◆ **TASK INSTRUCTIONS**: Repeat exactly the lines of the entries below from the one with "hmotnost 33,875 g" through the one with "Okouzlující fotografka s", both ends included, and nothing else.

Data extracted from a collection
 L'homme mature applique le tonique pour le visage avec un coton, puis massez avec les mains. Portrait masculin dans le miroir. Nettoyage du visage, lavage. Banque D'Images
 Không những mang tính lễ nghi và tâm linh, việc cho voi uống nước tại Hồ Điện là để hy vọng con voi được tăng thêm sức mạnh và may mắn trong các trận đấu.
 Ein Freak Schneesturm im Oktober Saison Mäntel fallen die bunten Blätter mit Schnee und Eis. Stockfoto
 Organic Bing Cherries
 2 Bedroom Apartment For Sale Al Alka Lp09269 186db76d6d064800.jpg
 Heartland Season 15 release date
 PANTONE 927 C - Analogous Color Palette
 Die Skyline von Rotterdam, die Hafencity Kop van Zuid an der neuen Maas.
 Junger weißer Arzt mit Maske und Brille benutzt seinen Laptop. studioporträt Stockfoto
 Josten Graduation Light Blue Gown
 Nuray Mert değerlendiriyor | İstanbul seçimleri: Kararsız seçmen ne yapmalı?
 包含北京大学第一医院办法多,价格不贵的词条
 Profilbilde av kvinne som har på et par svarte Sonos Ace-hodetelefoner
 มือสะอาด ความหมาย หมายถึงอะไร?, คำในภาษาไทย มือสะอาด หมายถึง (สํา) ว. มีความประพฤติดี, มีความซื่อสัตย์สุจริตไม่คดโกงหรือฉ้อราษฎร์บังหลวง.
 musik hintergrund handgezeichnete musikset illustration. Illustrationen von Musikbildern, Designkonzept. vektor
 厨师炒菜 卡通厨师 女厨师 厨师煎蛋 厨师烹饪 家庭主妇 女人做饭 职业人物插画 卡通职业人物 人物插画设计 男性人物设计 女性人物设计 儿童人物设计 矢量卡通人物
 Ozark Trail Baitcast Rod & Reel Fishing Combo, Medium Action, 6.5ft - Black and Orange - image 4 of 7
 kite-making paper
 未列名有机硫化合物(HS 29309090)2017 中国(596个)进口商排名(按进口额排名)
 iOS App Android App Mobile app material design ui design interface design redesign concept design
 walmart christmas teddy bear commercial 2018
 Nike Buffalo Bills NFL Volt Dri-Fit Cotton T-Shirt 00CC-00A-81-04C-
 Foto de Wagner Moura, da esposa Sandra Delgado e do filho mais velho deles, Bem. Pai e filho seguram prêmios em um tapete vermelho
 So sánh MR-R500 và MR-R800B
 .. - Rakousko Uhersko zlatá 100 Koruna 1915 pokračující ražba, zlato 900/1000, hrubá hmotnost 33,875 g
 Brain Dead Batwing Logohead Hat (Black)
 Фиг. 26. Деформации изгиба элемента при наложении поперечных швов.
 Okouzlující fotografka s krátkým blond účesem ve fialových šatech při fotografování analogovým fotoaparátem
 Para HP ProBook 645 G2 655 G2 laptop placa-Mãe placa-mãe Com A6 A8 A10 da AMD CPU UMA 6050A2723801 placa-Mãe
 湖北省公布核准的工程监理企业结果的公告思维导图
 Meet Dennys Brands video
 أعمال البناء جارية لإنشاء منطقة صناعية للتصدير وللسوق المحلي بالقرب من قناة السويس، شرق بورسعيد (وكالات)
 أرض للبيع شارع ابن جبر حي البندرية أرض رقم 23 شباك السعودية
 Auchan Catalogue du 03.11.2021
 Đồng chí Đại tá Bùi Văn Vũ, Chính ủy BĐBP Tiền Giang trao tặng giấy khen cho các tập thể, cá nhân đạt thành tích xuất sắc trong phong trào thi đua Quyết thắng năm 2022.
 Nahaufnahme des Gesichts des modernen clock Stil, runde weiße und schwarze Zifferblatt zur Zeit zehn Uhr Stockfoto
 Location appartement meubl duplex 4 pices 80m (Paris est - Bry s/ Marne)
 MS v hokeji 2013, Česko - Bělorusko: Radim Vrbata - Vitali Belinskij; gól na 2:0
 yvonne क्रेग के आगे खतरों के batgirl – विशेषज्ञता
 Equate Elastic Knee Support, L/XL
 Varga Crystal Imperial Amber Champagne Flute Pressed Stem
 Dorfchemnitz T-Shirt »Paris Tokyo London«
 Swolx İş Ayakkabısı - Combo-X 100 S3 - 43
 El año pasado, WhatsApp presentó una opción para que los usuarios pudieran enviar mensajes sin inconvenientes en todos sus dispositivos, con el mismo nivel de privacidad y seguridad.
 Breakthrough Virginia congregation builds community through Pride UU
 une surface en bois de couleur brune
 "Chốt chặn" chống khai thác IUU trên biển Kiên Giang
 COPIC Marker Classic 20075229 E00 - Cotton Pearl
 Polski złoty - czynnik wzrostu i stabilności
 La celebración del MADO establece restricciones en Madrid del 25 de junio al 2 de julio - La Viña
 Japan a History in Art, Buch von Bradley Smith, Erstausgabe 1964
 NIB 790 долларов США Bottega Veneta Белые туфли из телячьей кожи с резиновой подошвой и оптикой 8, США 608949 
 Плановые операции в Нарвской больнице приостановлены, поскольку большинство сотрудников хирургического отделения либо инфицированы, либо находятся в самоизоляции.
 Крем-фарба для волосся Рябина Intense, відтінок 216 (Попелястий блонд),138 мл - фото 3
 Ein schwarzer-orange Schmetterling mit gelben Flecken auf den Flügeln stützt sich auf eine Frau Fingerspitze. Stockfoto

◆ **TASK SOLUTION**:
 .. - Rakousko Uhersko zlatá 100 Koruna 1915 pokračující ražba, zlato 900/1000, hrubá hmotnost 33,875 g
 Brain Dead Batwing Logohead Hat (Black)
 Фиг. 26. Деформации изгиба элемента при наложении поперечных швов.
 Okouzlující fotografka s krátkým blond účesem ve fialových šatech při fotografování analogovým fotoaparátem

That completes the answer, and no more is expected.